## EXERCISE DIRECTIONS
Reproduce the data below in full and exclude every picture.

## THE DATA
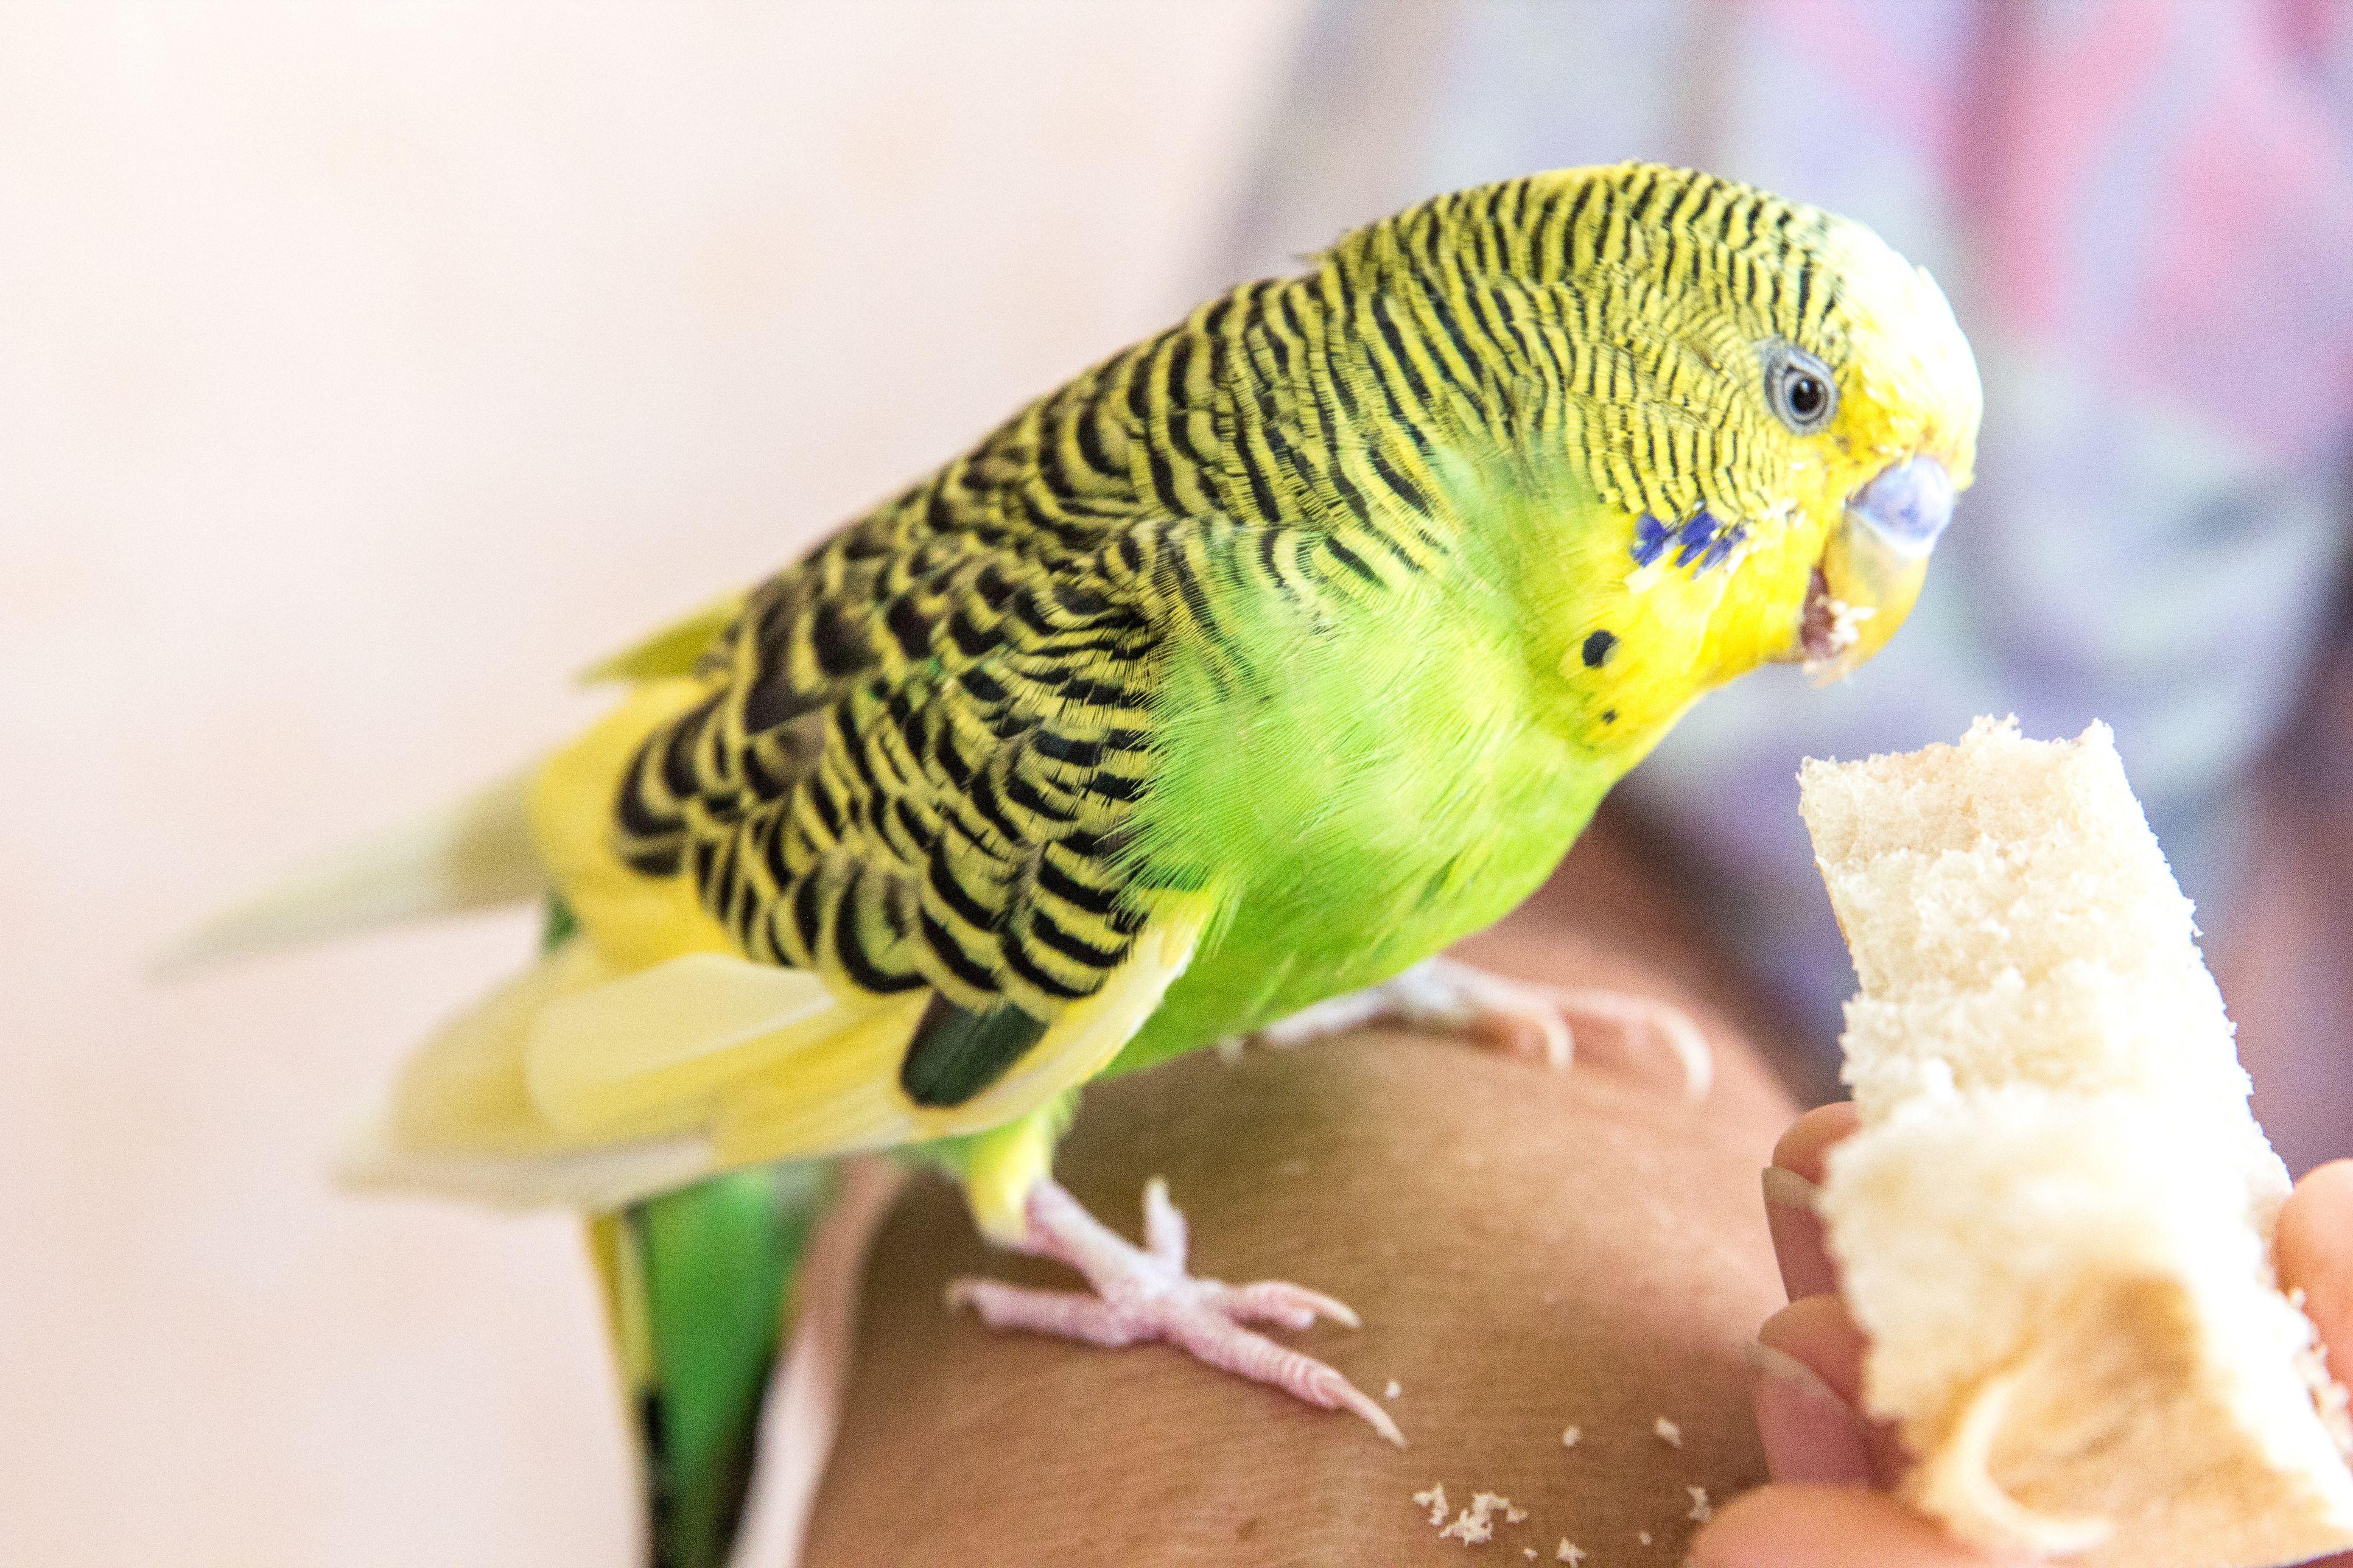 Green parrot eating bread
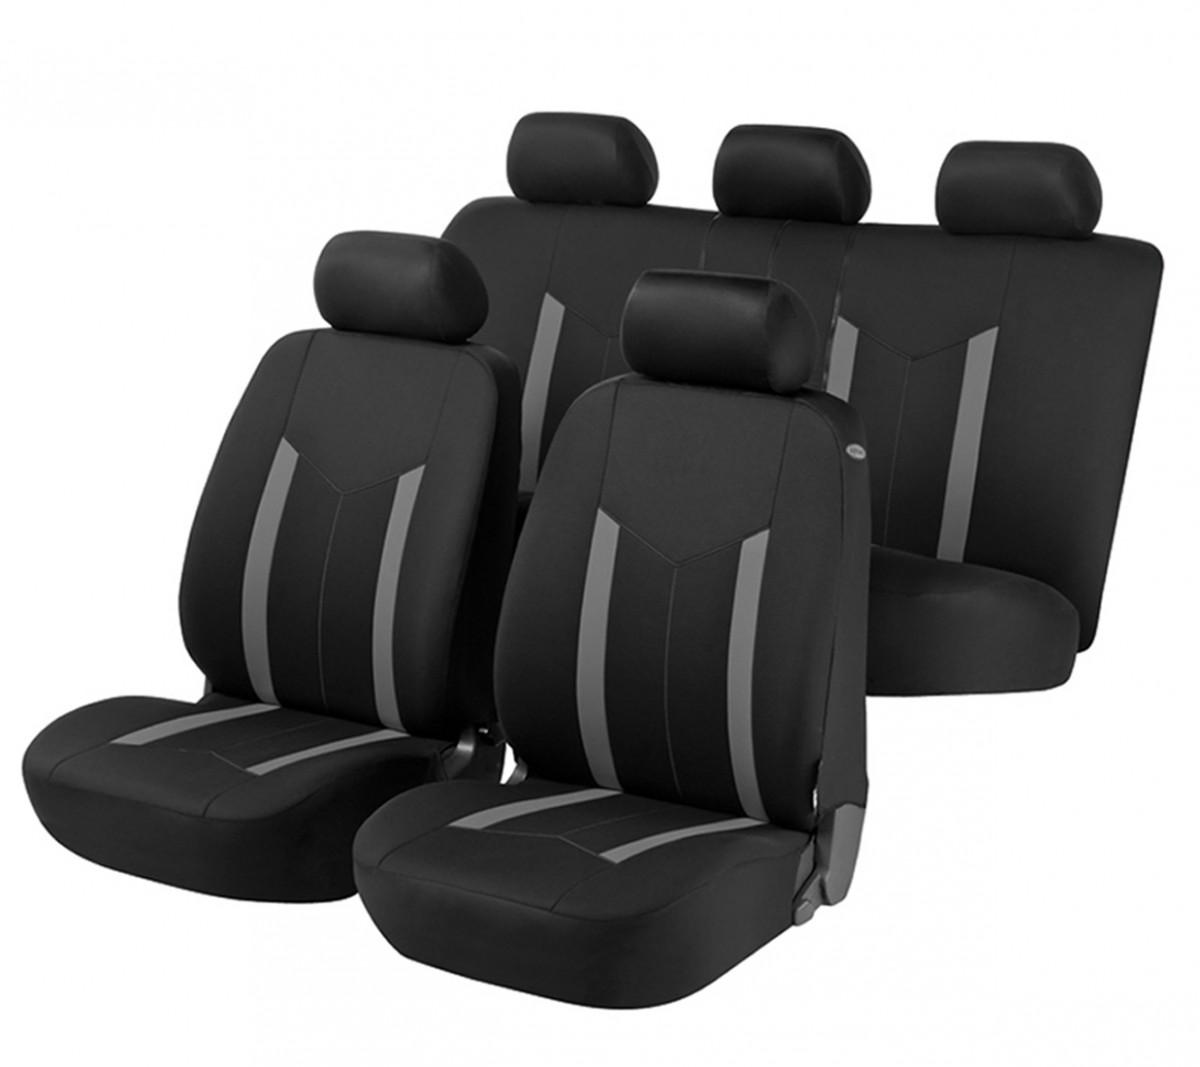 autositzbezug schonbezug komplett set nissan micra schwarz grau. Black Bedroom Furniture Sets. Home Design Ideas
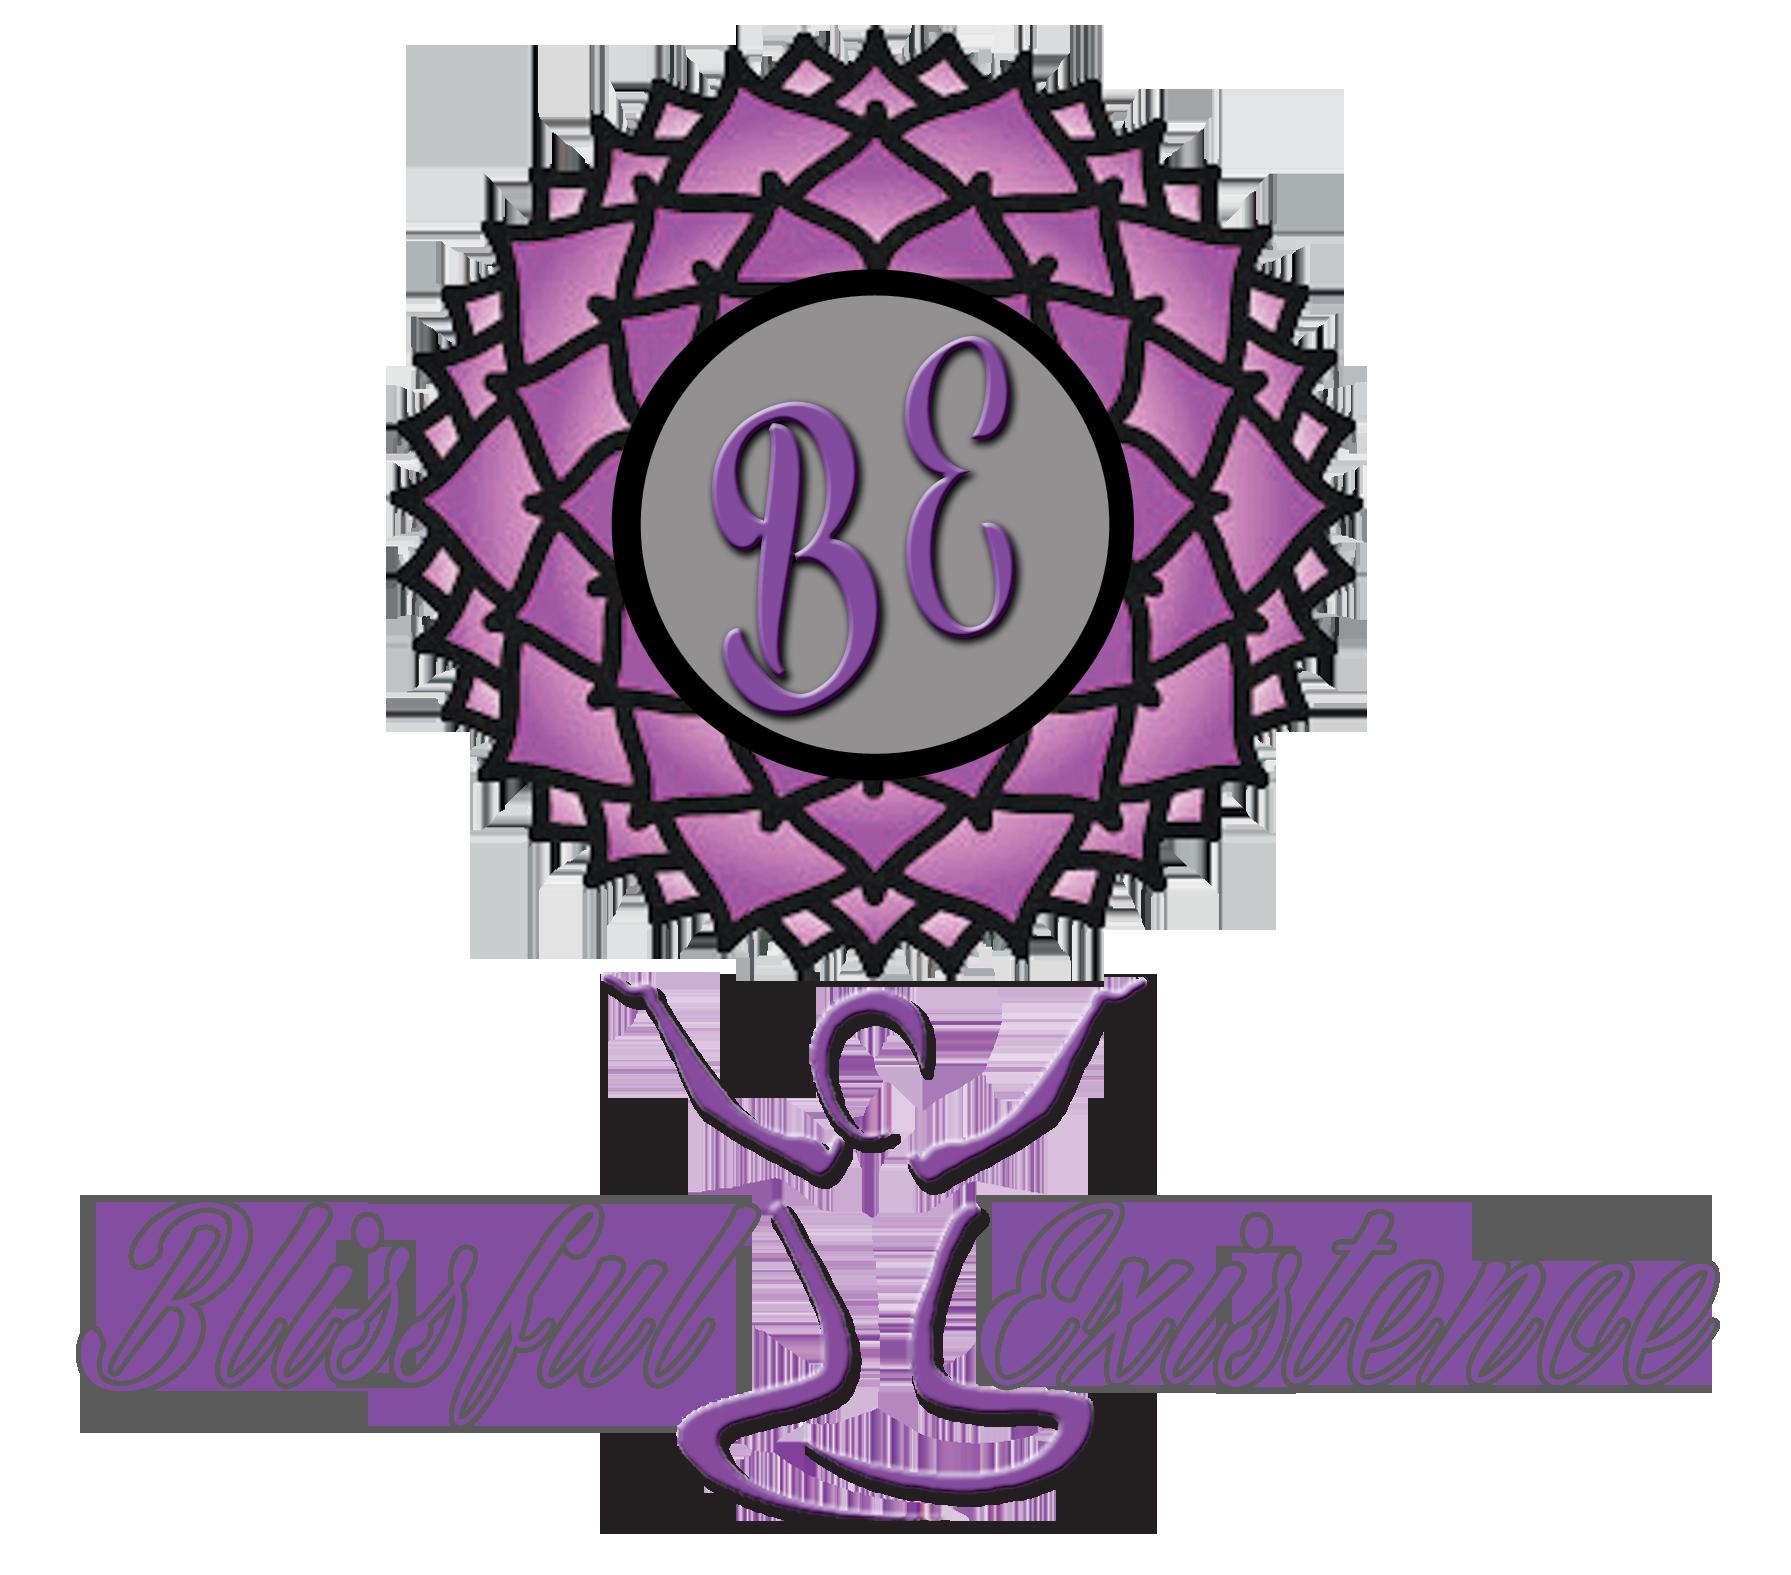 Logo for Blissful Existence! Website: www.blissfulexistence.us

## FINISHED EXERCISE
 Green parrot eating bread
 autositzbezug schonbezug komplett set nissan micra schwarz grau. Black Bedroom Furniture Sets. Home Design Ideas
 Logo for Blissful Existence! Website: www.blissfulexistence.us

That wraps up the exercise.